Manger ou se protéger?
Encore faut-il que des moyens existent. Ryan donne l’exemple de la quasi-inaccessibilité des contraceptifs. Bien que les condoms soient offerts dans les pharmacies, ils se vendent un dollar américain l’unité… «Le salaire moyen d’un étudiant universitaire est de quatre dollars. Les gens ont peu de choix: manger ou se protéger», déplore le chercheur. De plus, très peu d’information circule sur les dangers du VIH-sida. Selon le Christian Children’s Fund, le nombre d’enfants et d’adultes vivant avec le virus ou la maladie aurait triplé au cours des dernières années en Biélorussie. «Ajoutez à cela une augmentation vertigineuse de la consommation d’héroïne et de la prostitution féminine etmasculine, et vous aurez un bon portait de la situation.»

Face à l’augmentation des difficultés sociales, une des premières étapes était de «professionnaliser le métier du travailleur social». Bien que, depuis quelques années, la plupart des Universités de l’ex-Union soviétique offrent des formations en travail social, les cours s’appliquent surtout à former des personnes travaillant dans les services sociaux de l’époque. Par exemple, dans le passé – et encore maintenant – des pédagogues sociaux remplissaient le rôle d’assistants sociaux. La profession de travailleur social telle qu’exercée en Amérique et en Europe de l’Ouest n’était même pas connue avant l’effondrement de l’Union soviétique. «Nous travaillons à la formation des intervenants sociaux selon les normes internationales admises de la profession. Mais nous cherchons surtout à ce qu’ils bâtissent un système qui leur soit propre, qui corresponde à leurs besoins et à leur vision de la profession.»

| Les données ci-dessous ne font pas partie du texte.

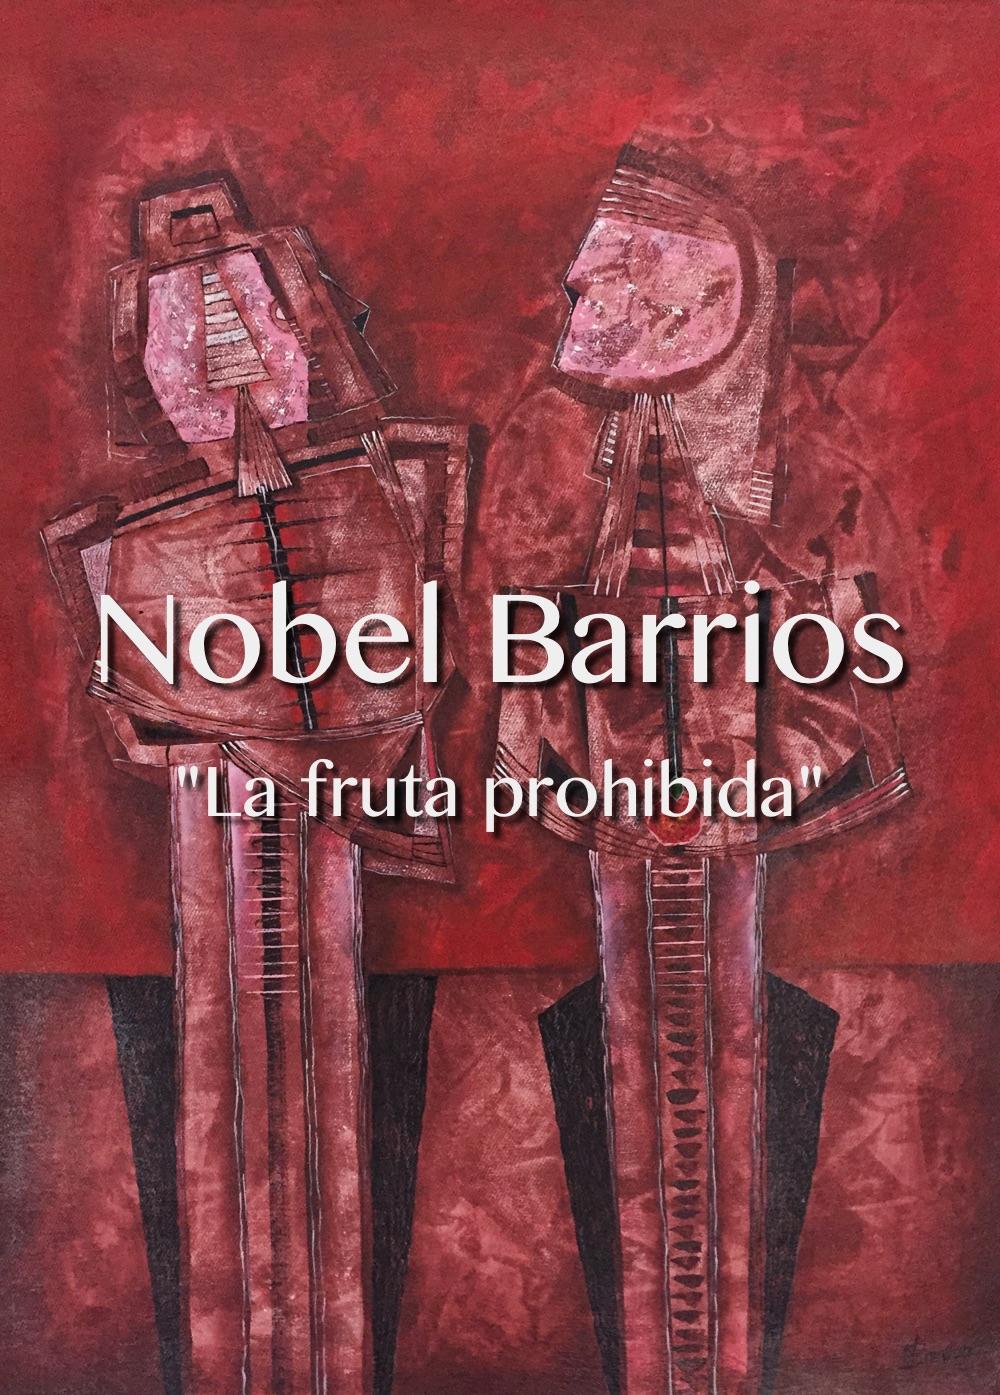 NBarrios La fruta prohibida 2015-Banner
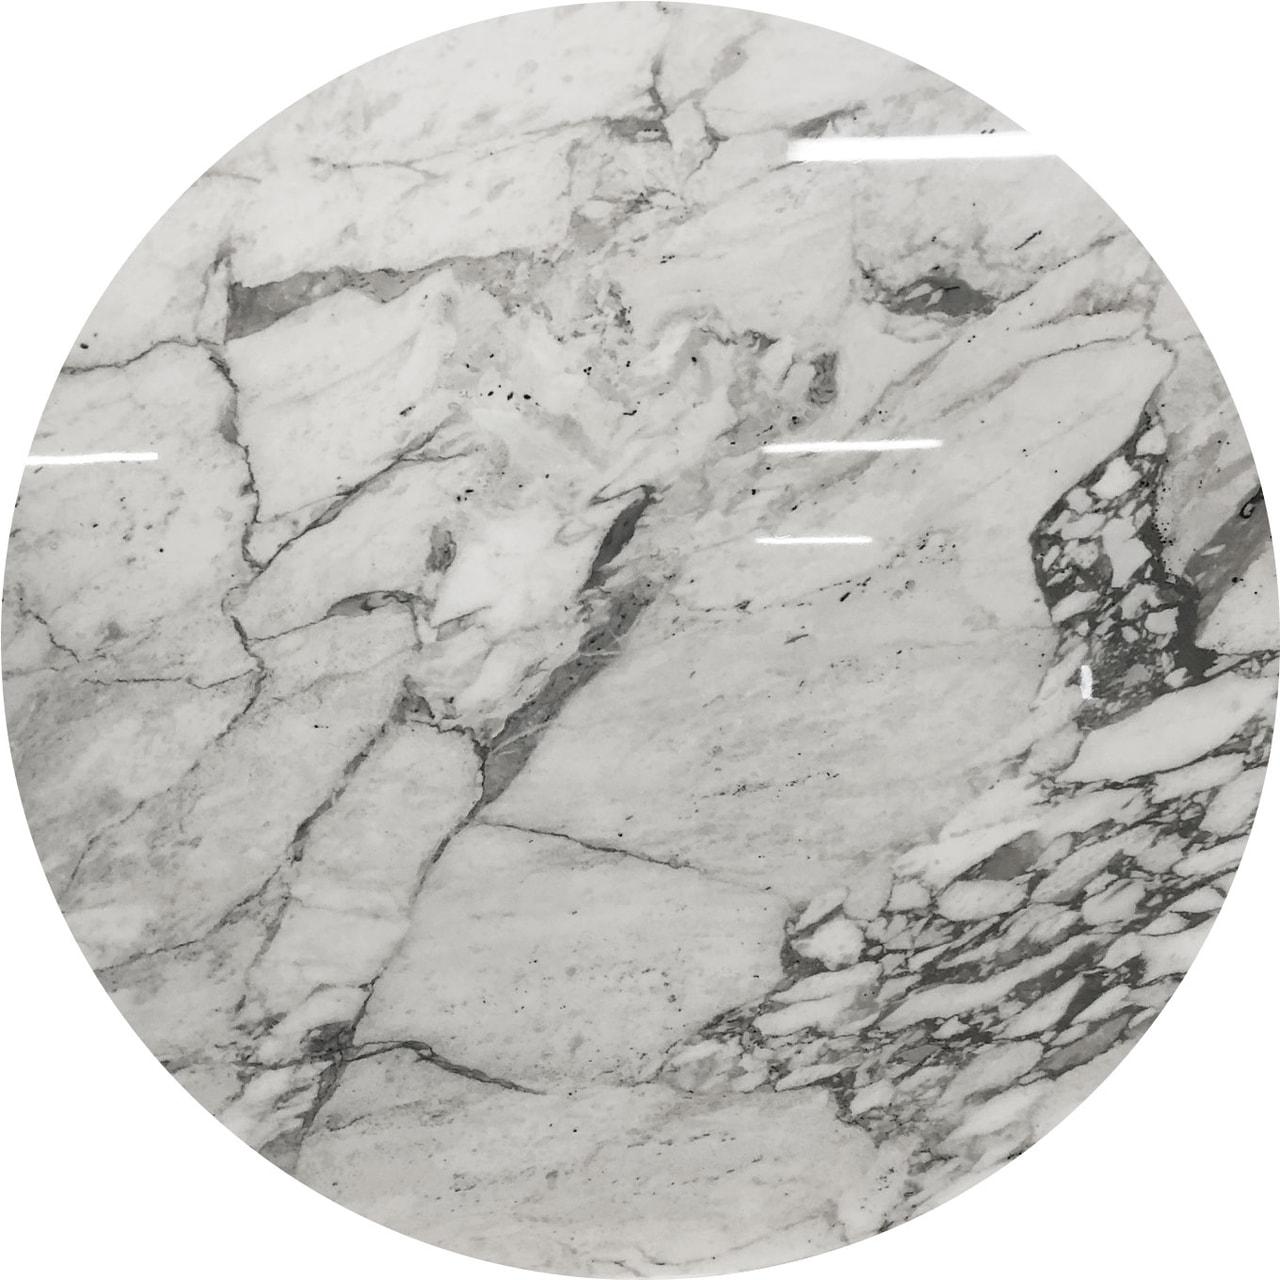 Saarinen Collection Round Tables(サーリネンテーブル)Φ1370mm アラベスカート 164TRMA2 (014)

«Malgré tous les problèmes auxquels ils sont confrontés, on retrouve en Biélorussie et en Ukraine, par exemple, des milliers de femmes et d’hommes porteurs d’espoir pour la démocratie. Leur volonté de reconstruire est palpable et dynamisante. On ne peut que se laisser emporter par cette énergie et travailler avec eux à la construction d’un monde plus juste et égalitaire», conclut Ryan sur une note d’espoir.

Bill Ryan sera l’un des invités à la 16e Conférence mondiale de la Fédération internationale des travailleurs sociaux, débutant le 29 juillet au Palais des congrès de Montréal.